Task
Could you repeat the entries below exactly, but only from the line with "Shop Oakley Frogskins" through the line with "SRS Labs Voltage", and without any picture?
Extracted records Block Start
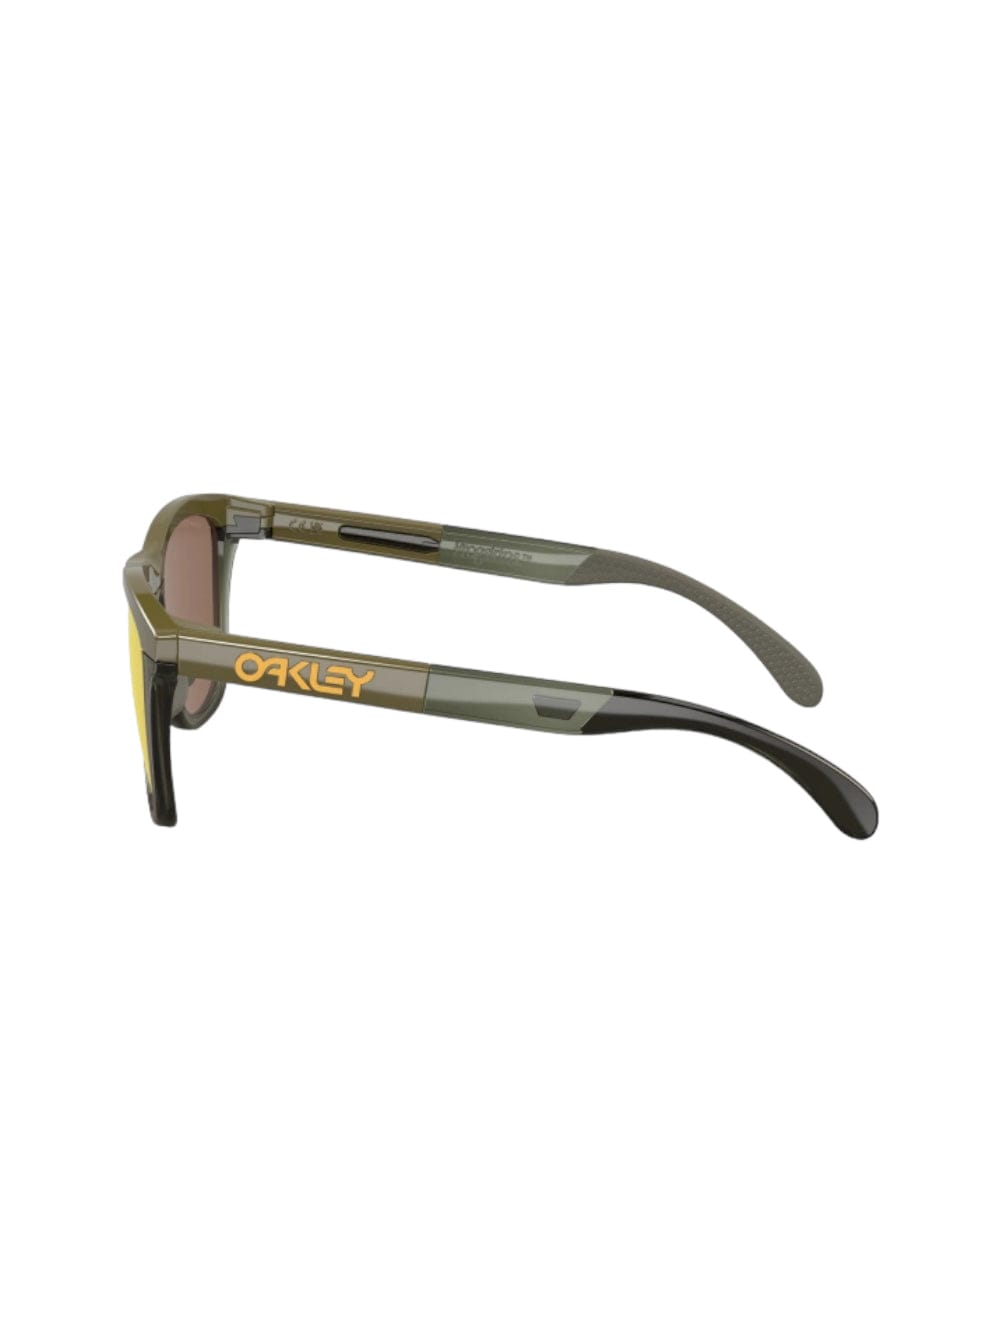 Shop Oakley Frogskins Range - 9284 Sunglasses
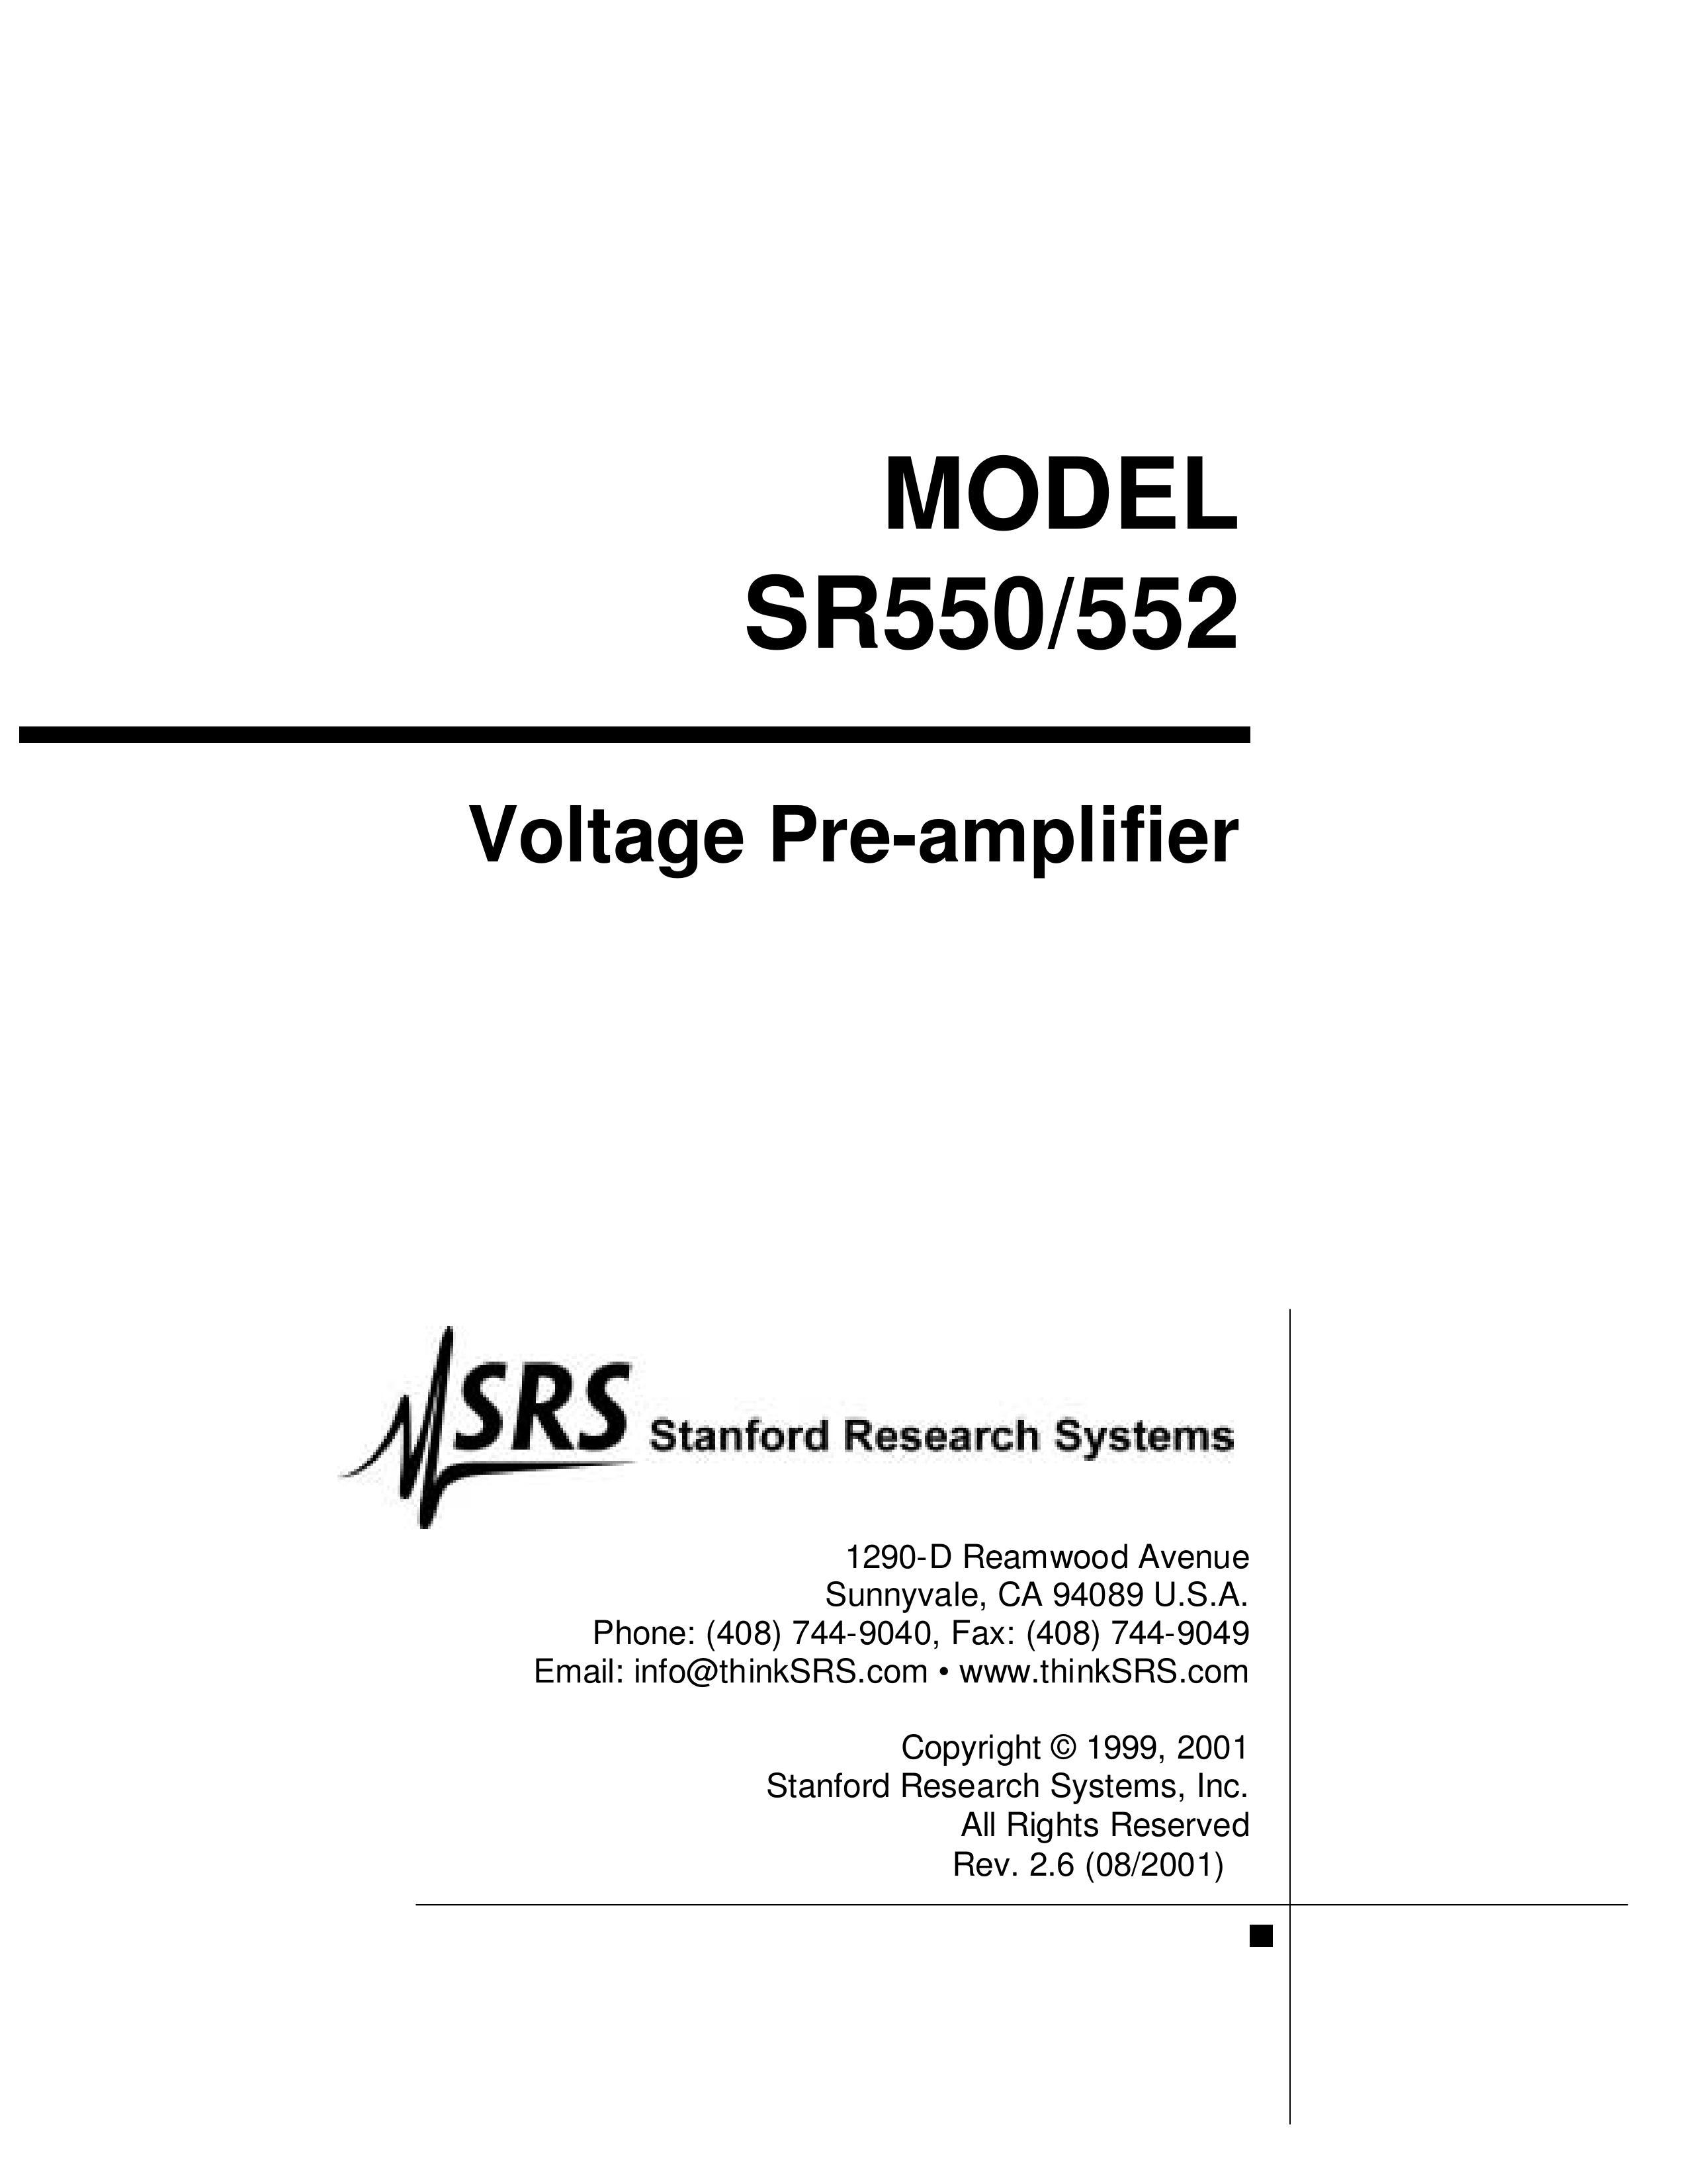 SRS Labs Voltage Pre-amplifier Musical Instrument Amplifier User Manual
Extracted records Block End
Extracted records Block Start
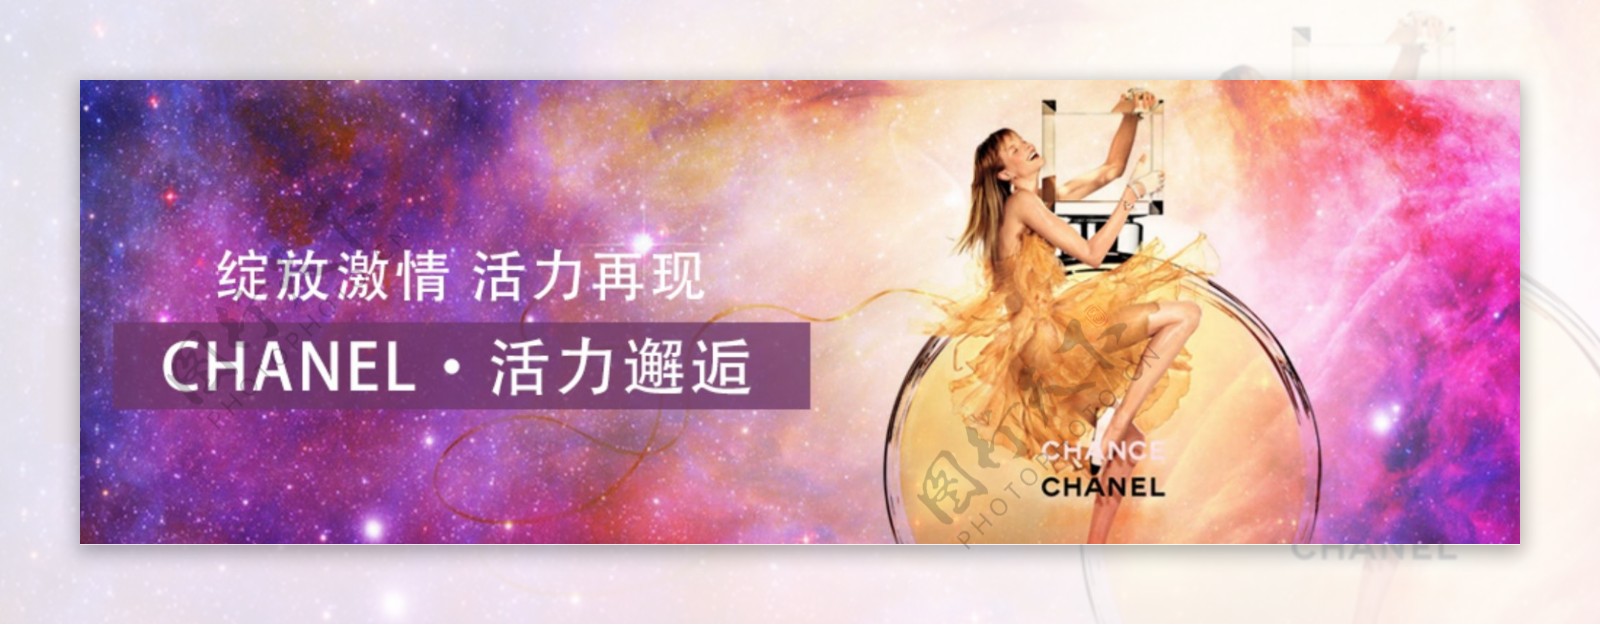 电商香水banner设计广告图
Extracted records Block End
Response to the exercise
 Shop Oakley Frogskins Range - 9284 Sunglasses
 SRS Labs Voltage Pre-amplifier Musical Instrument Amplifier User Manual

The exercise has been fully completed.